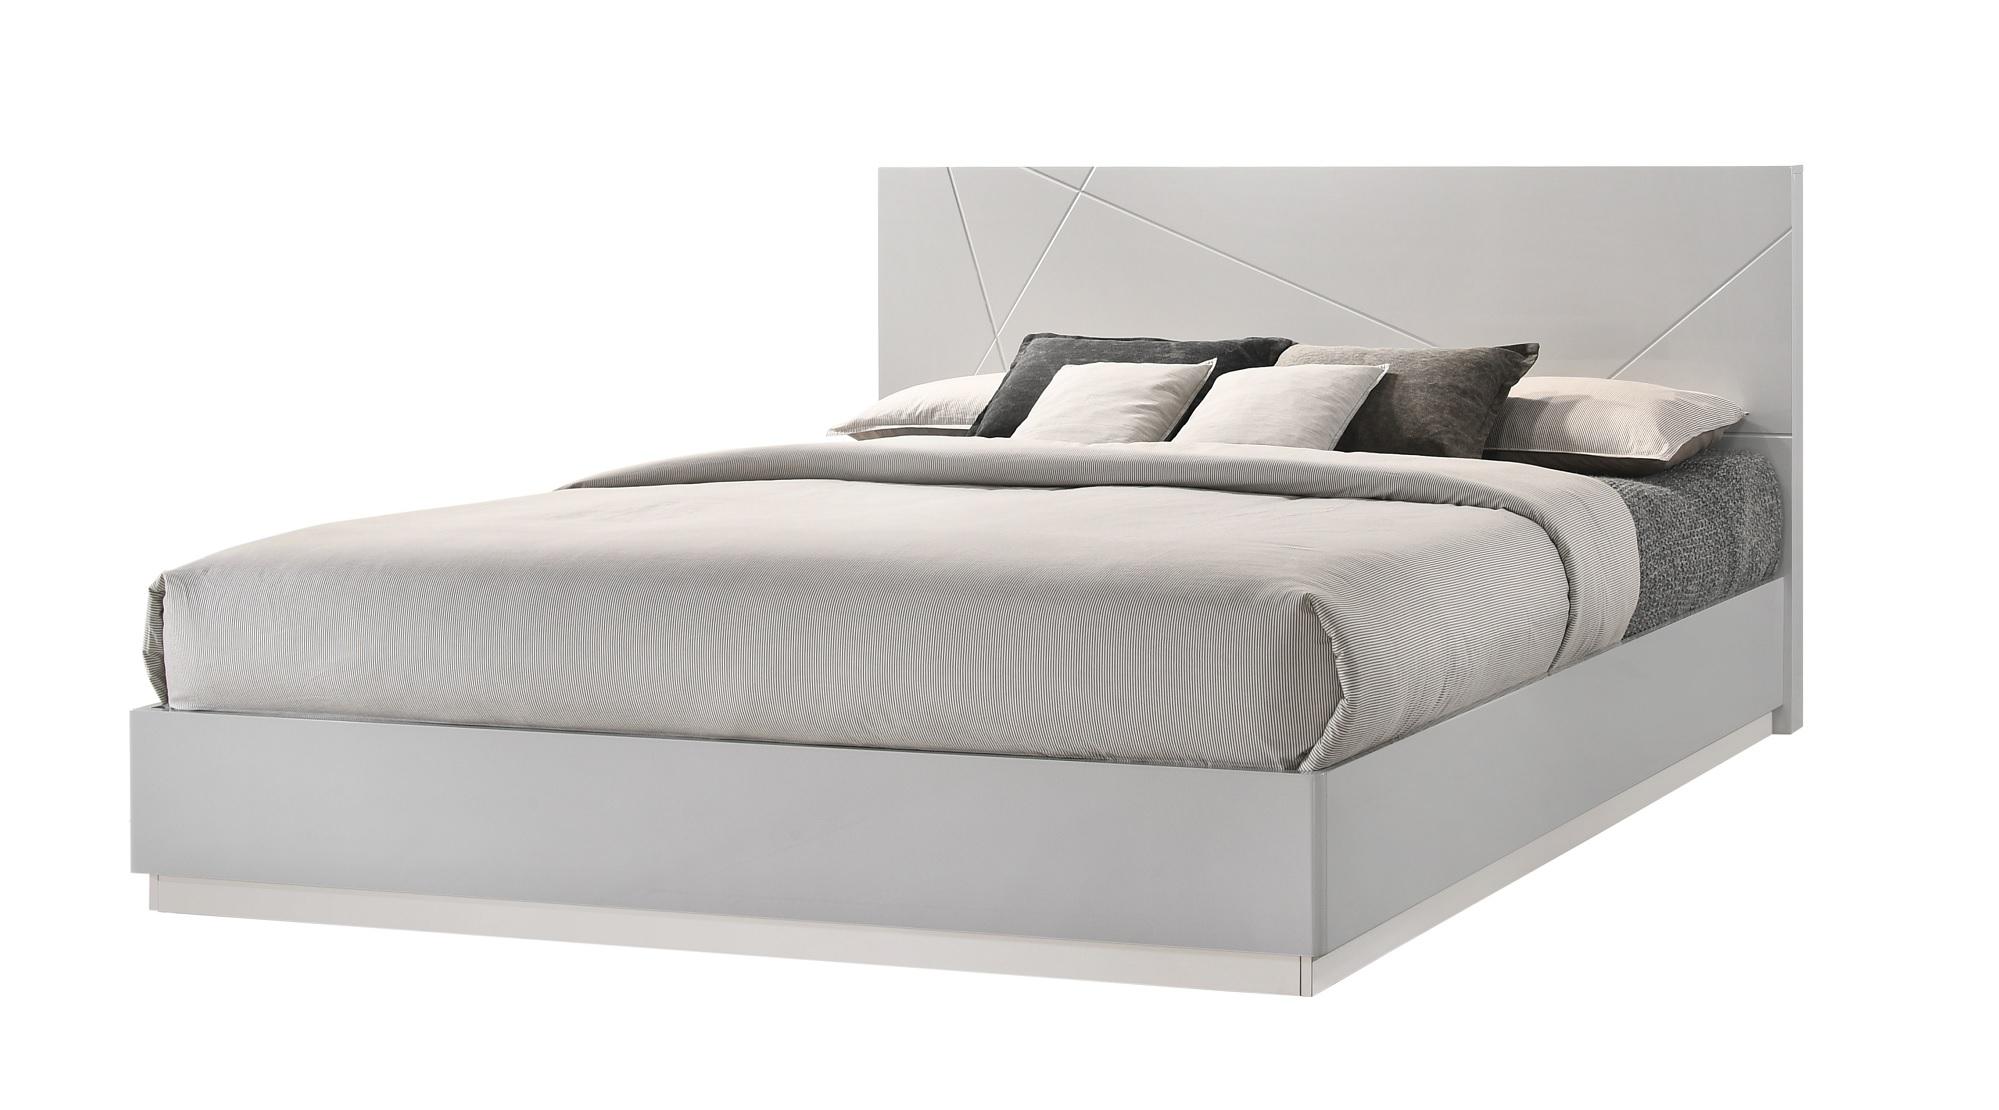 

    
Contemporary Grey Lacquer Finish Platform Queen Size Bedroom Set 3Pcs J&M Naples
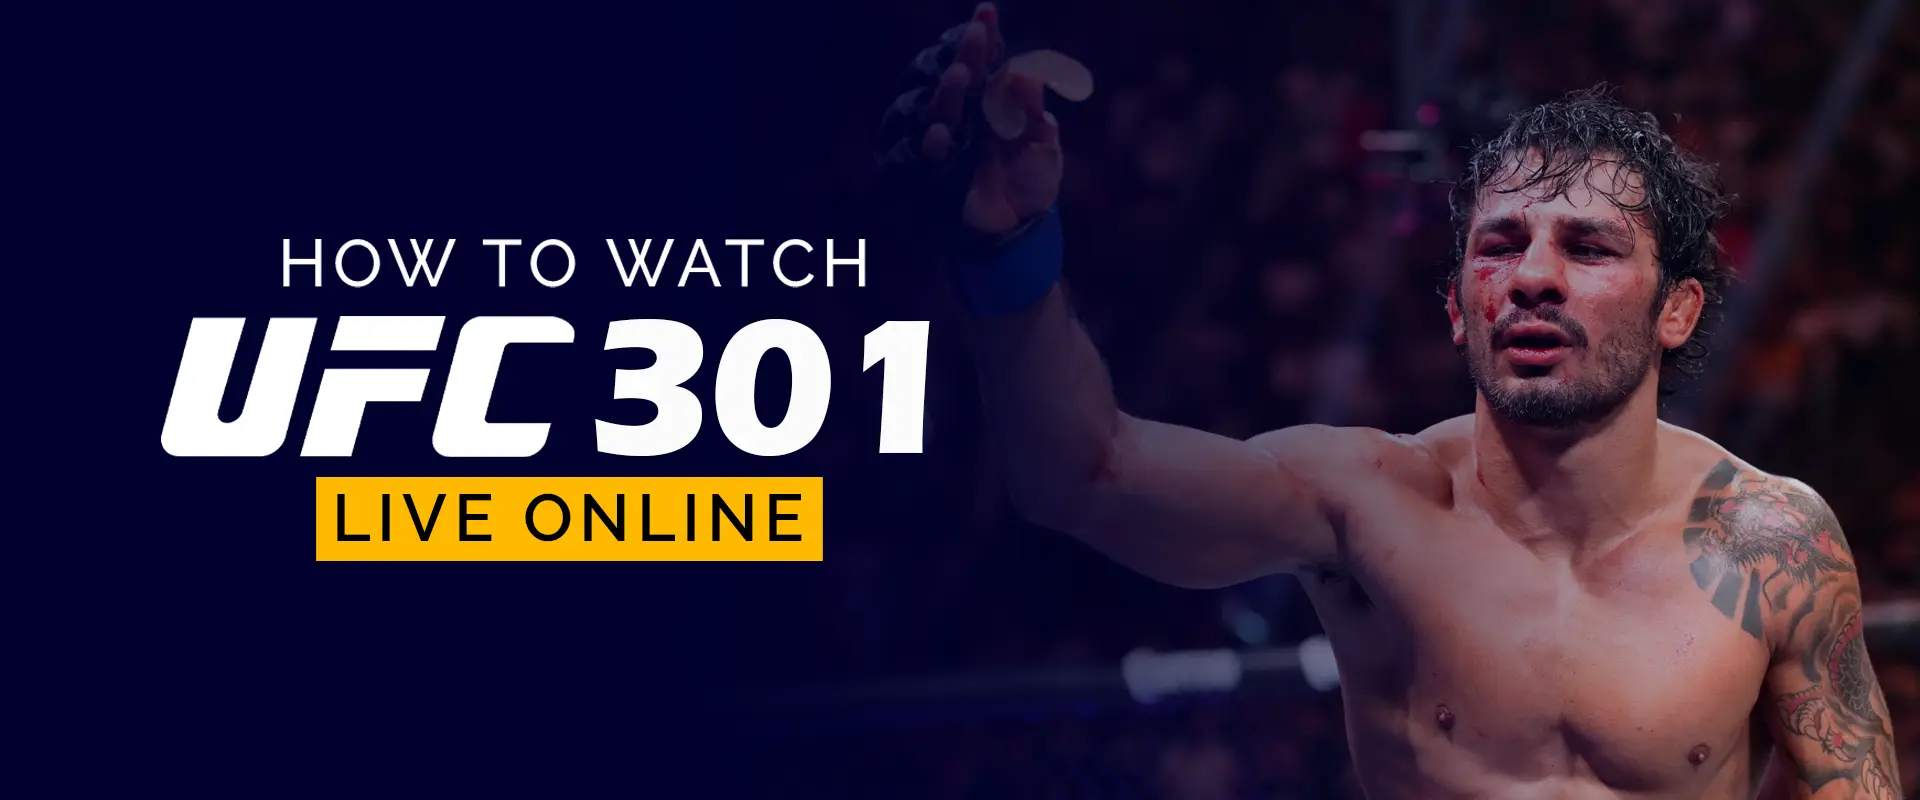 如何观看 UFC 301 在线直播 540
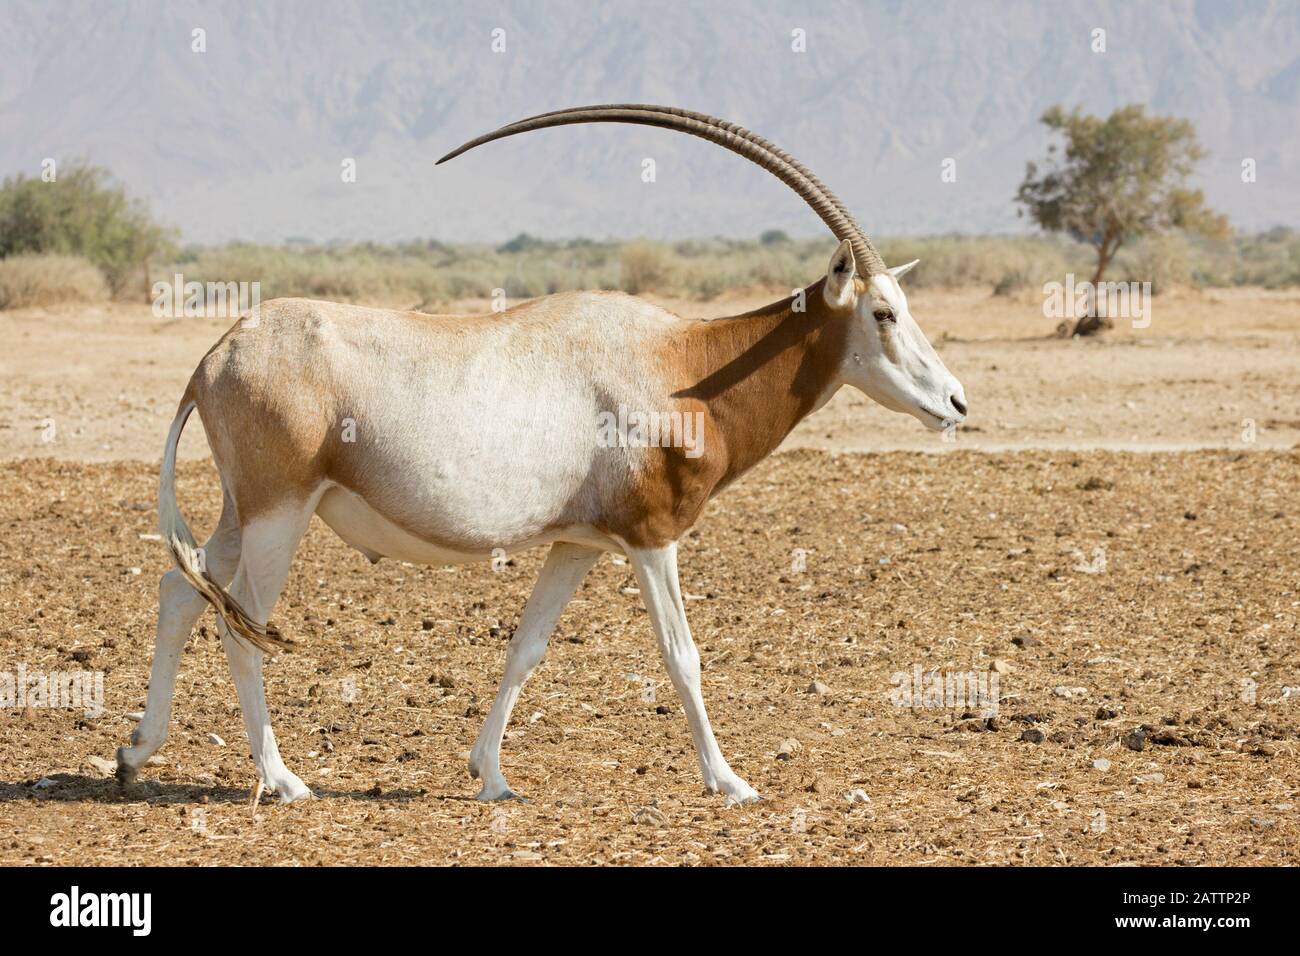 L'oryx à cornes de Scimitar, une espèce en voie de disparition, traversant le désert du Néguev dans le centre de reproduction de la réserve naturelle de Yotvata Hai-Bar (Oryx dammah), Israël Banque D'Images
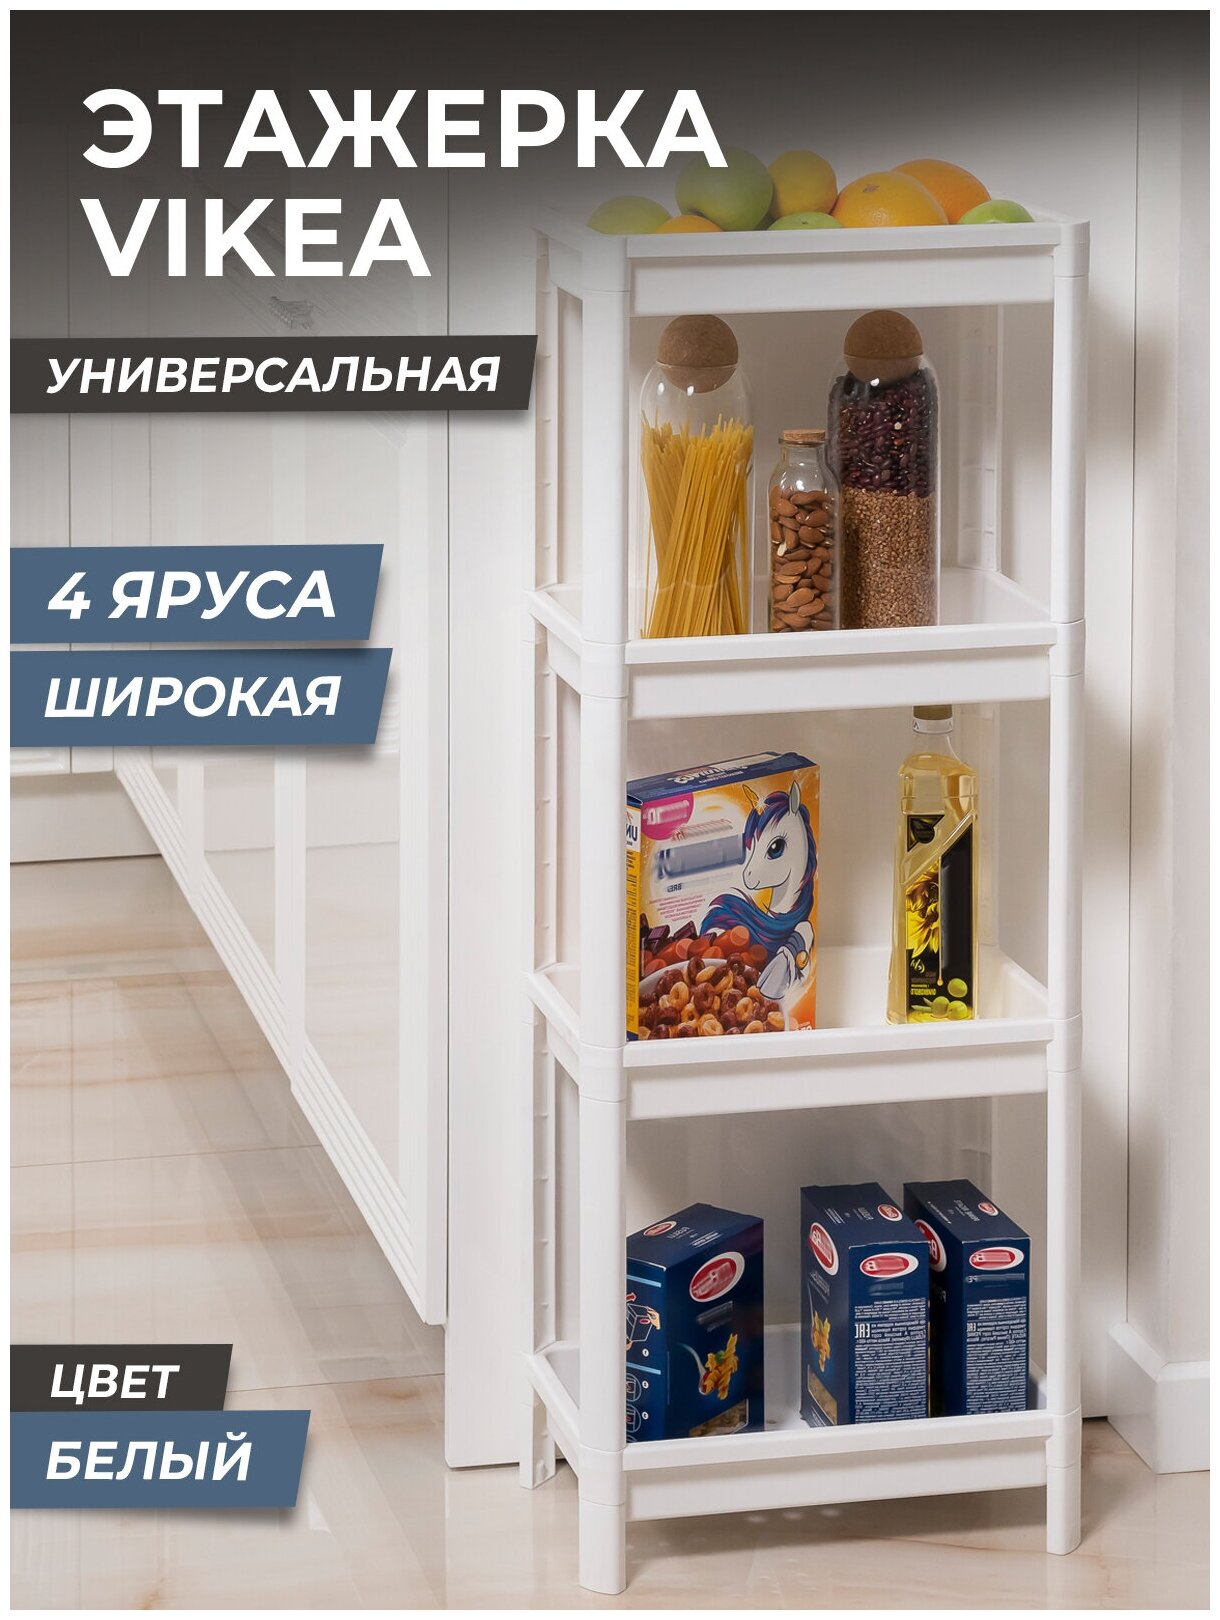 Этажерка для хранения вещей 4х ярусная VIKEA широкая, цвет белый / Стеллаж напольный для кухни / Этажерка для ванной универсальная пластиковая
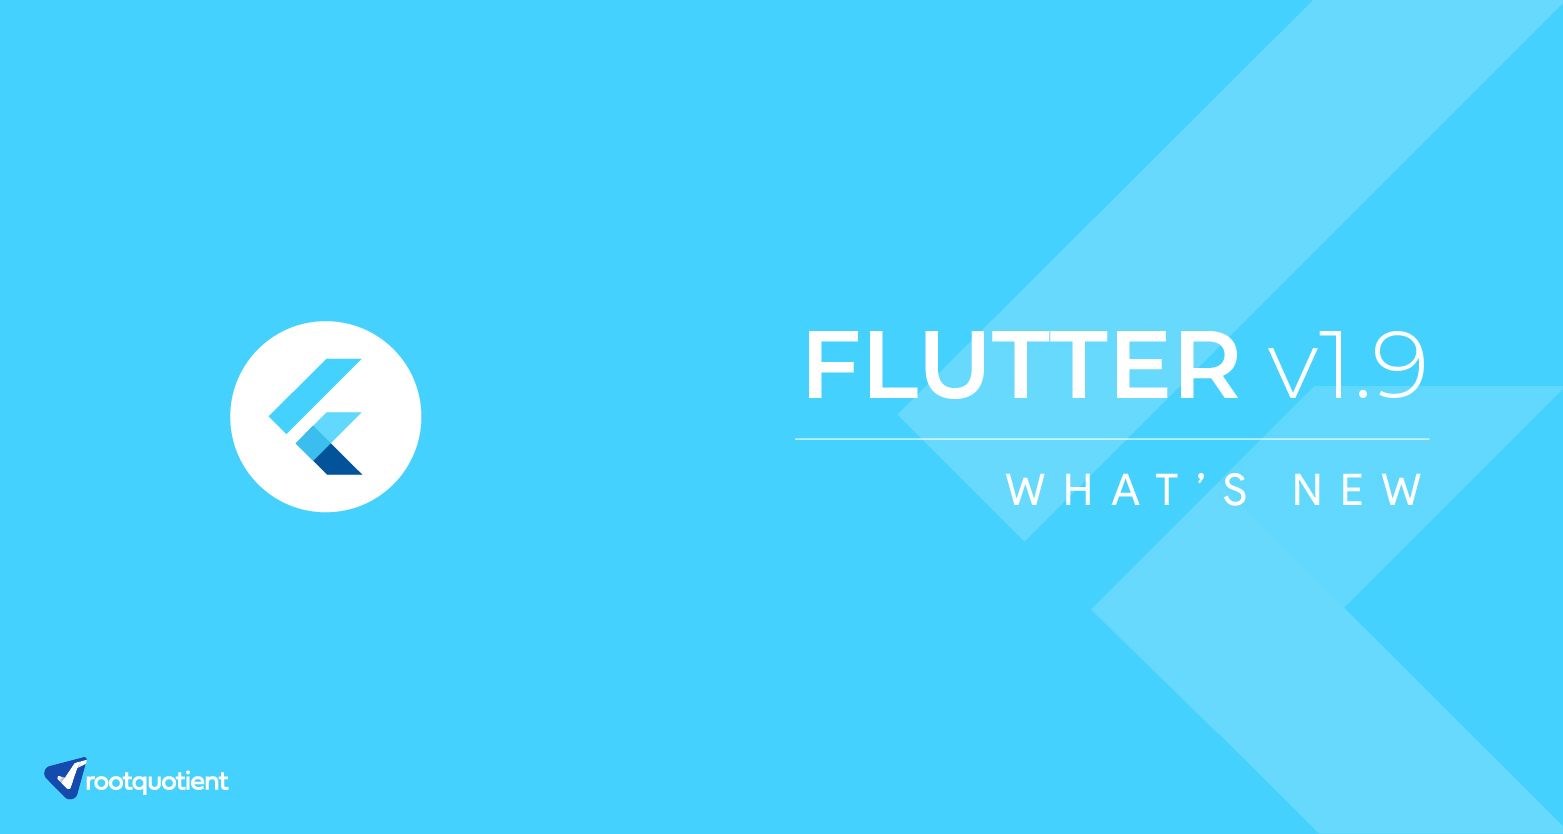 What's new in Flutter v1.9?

====================

— Work instructions —
Each line from the one holding "L'oryx à cornes" through the last line of the records above must be duplicated exactly, and pictures must not be.

— Problem solution —
 L'oryx à cornes de Scimitar, une espèce en voie de disparition, traversant le désert du Néguev dans le centre de reproduction de la réserve naturelle de Yotvata Hai-Bar (Oryx dammah), Israël Banque D'Images
 Этажерка для хранения вещей 4х ярусная VIKEA широкая, цвет белый / Стеллаж напольный для кухни / Этажерка для ванной универсальная пластиковая
 What's new in Flutter v1.9?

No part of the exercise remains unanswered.